Abstract

Tumor suppressor genes play a role in wound healing regulating cell growth, migration, and differentiation at different times after cutaneous injury. We explored the possible involvement of a newly recognized, hormone-like, candidate tumor suppressor gene called Esophageal cancer related gene-4(Ecrg4). In this study, we characterized the effects of cutaneous injury on Ecrg4 localization and gene expression. We mined an Affymetrix™ gene-chip microarray developed to quantify changes in global gene expression after 2mm punch injury in mice. We compared Ecrg4 to an early-response gene, macrophage inflammatory protein-1α(MIP-1α), and to a constitutively expressed gene, AP-1,subunit-2 (AP1S2). We used immunohistochemistry to analyze the distribution of Ecrg4 protein in uninjured skin and in several models of injury including 2mm punch-injury, grafted excision-injury, and 2nd-degree burn-injury. To test the ability of Ecrg4 to inhibit cell migration, subcutaneous gene-activated matrigel implants containing FGF2 were impregnated with lentivirus-expressing Ecrg4 or Zsgreen. Analysis revealed Ecrg4 localized to the epidermis and dermis of uninjured mouse and human skin and to the epidermis of rat skin. Immunoblotting produced a 14kDa peptide. As expected upon injury, MIP-1α mRNA expression peaked acutely within the first 6hr time-point and AP1S2 remained constitutively expressed at pre-injury levels. In contrast, Ecrg4 mRNA expression started increasing 24hrs after injury until achieving a maximal increase 160hrs post injury as a late injury-response gene.

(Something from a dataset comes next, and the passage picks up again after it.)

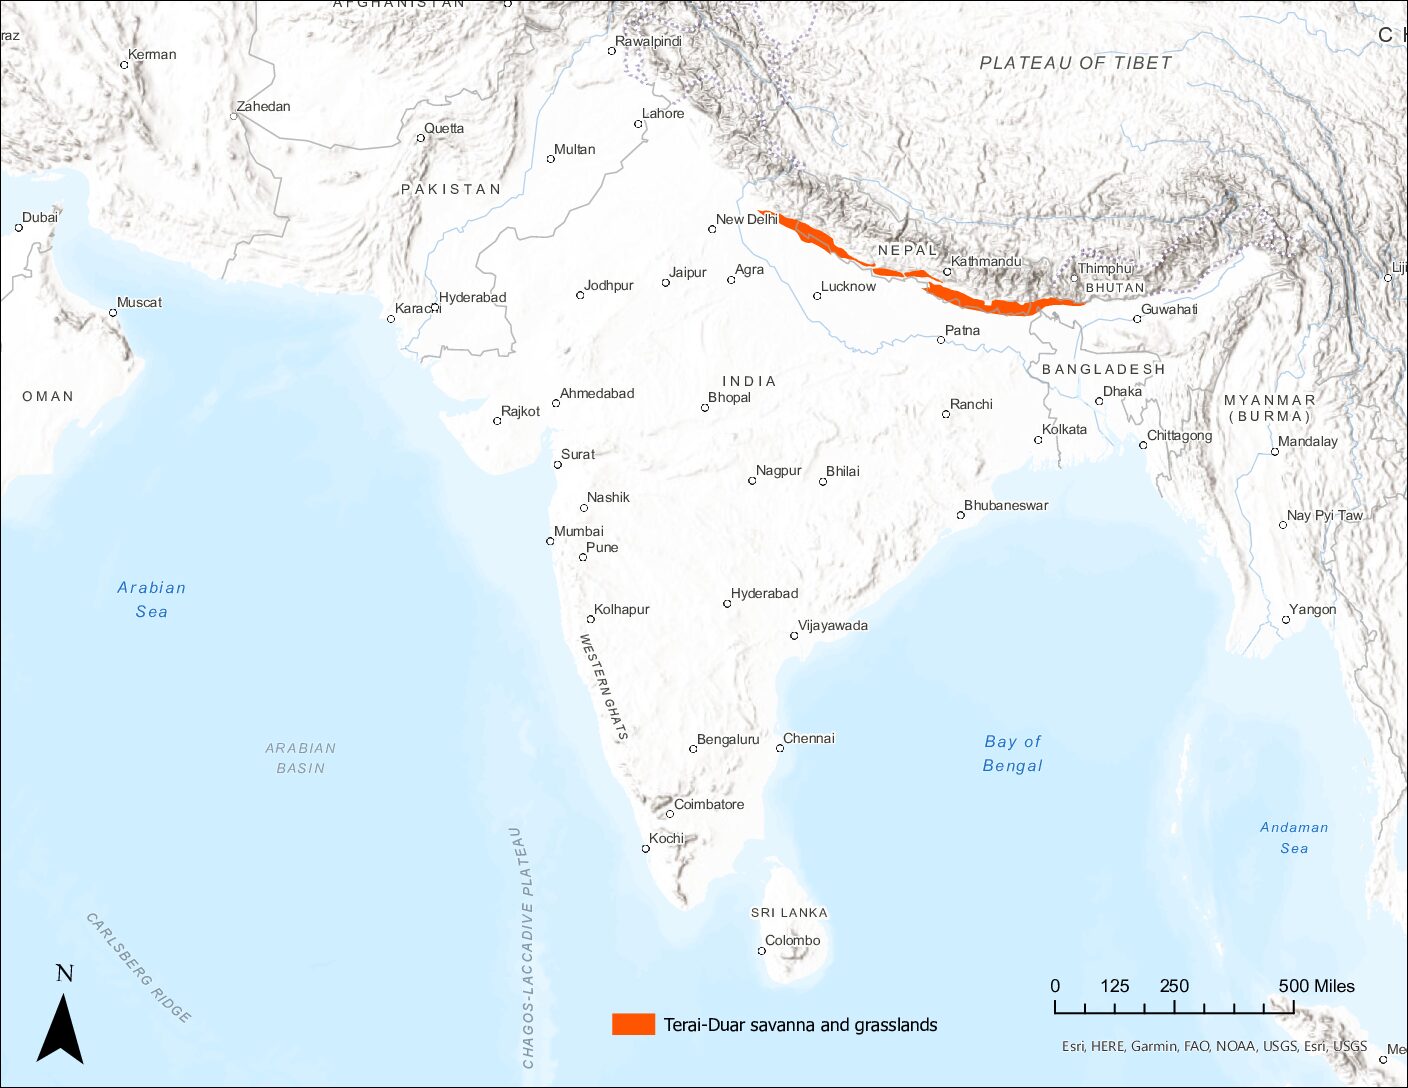 Map of the sub-himalayan grasslands of India. The map shows the Terai-Duar savanna and grasslands region, which is shaded orange. The region is a think strip of land that occurs just south of the Himalayan Mountains.

Following injury, Ecrg4 localized to the epithelial margins adjacent to the site of injury and was essentially absent from the injury site itself. Inappropriate Ecrg4-gene over-expression inhibited cell invasion into FGF2-filled subcutaneous matrigel implants(P<0.05,n=3). As a candidate tumor suppressor gene found in skin, these data suggest Ecrg4 may participate in the response to cutaneous injury as a wound terminating factor that functions to down-regulate the cellular responses active in early wound healing. As such, a better understanding of Ecrg4 could provide new insights into the mechanisms of wound healing and may identify a novel target for wound healing therapeutics.